# Predicting Wine Quality Using Multiple Linear Regression
Group 7: Rui Xiang Yu, Rico Chan, & Kevin Yu  
Course: DSCI 310,2024 Winter Term 2

## 1. Summary

## 2. Introduction
[Wine is entrenched in many cultures and remains a strong industry worldwide.](https://www.toptal.com/finance/market-sizing/wine-industry) [Technological innovations have supported the growth of the wine industry, especially in the realm of certification and quality assessment.](http://dx.doi.org/10.1016/j.dss.2009.05.016) [One prominent innovation is the use of laboratory testing to relate physicochemical properties of wine to human sensory perceptions.](https://ieeexplore.ieee.org/document/10287348) Examples of physicochemical indicators include pH and and residual sugar. [Using data to model complex wine perceptions is a daunting task, but it can benefit wine production by flagging the most important properties to consider and informing price setting.](http://dx.doi.org/10.1016/j.dss.2009.05.016)

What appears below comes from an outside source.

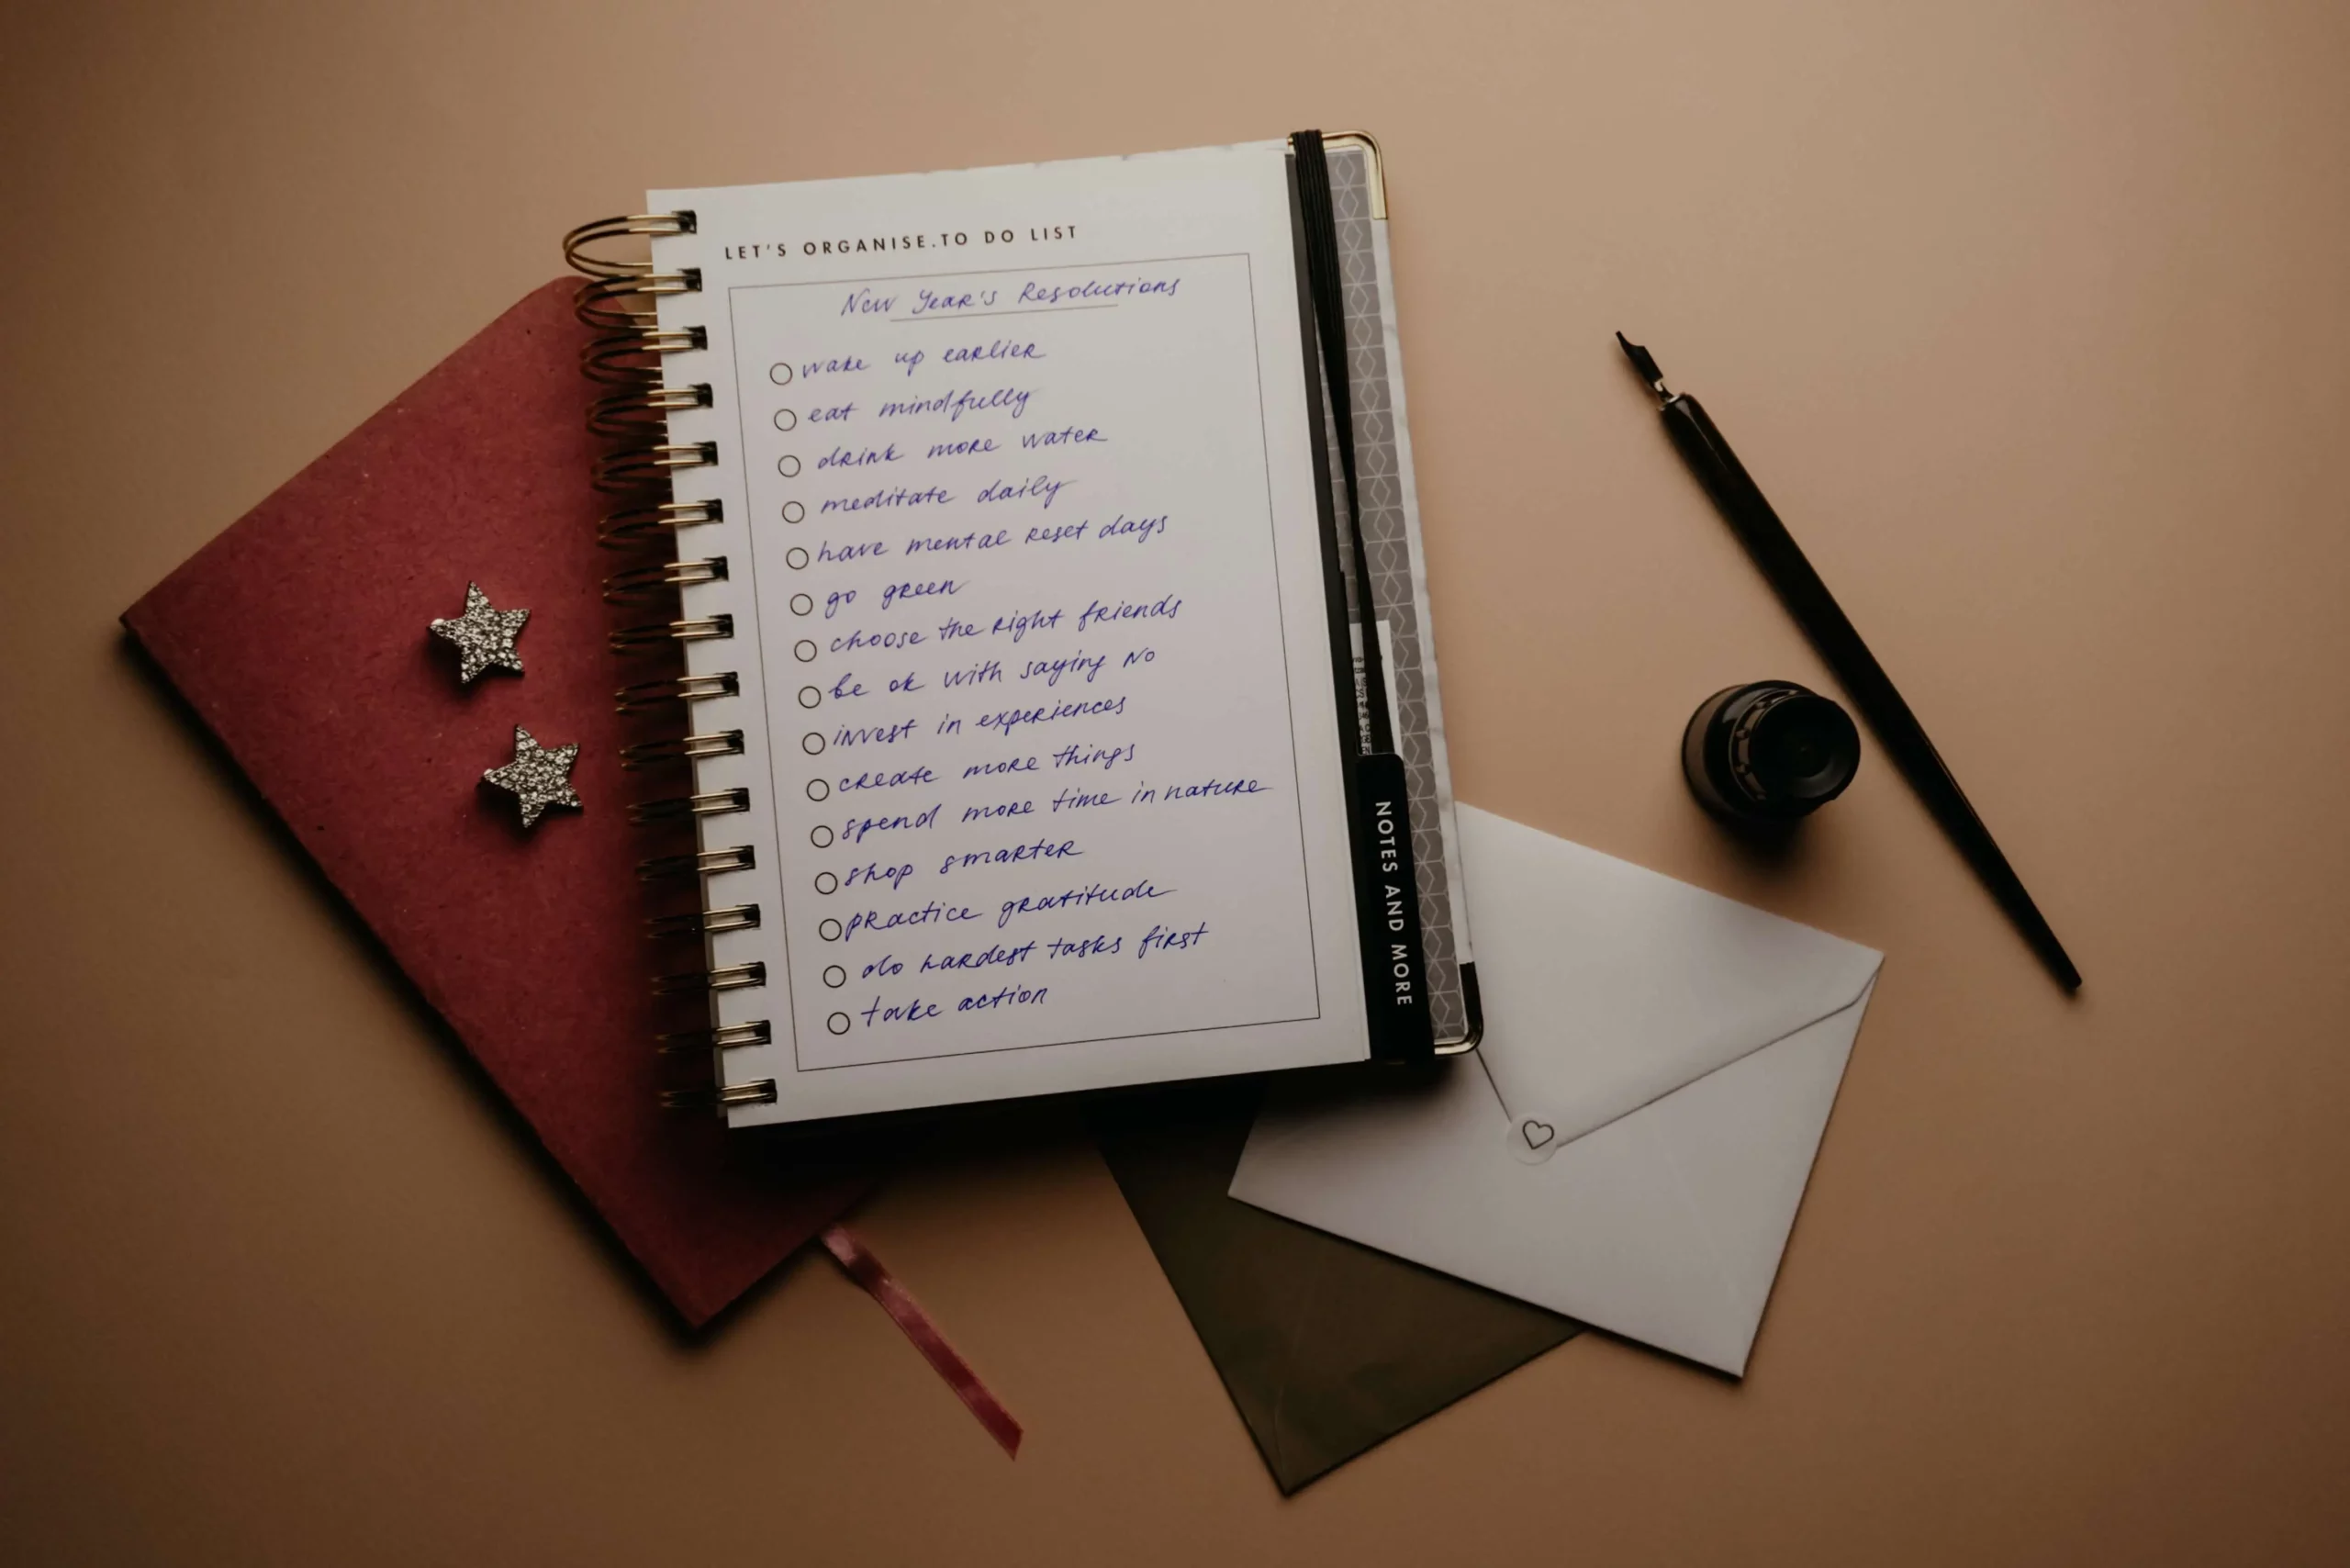 List of New Year Resolutions with Action Plan

Thus, our key question is: **Can we use multiple linear regression and various physicochemical indicators to predict the quality of red wine?**

To answer whether a full regression model is viable, we use a [dataset on red wine quality from the UCI Machine Learning Repository](https://doi.org/10.24432/C56S3T). The dataset comprises of 12 variables (11 physicochemical indicators and 1 quality indicator) and contains 1599 instances of red vinho verde, a popular wine from Portugal. Each instance of wine was assessed by at least three [sensory assessors](https://www.sensorysociety.org/knowledge/sspwiki/Pages/assessor.aspx) and scored on a ten point scale that ranges from "very bad" to "excellent"; the wine quality for each instance is determined by the median of these scores. The data was collected by the CVRVV, an inter-professional organisation dedicated to the promotion of vinho verde, from  May 2004 to February 2007. 

*need to format citations*

## 3. Methods

### 3.1. Loading Data
From UCI Machine Learning Repository: <https://doi.org/10.24432/C56S3T>

In [2]:
# Import packages
library(tidyverse)
library(tidymodels)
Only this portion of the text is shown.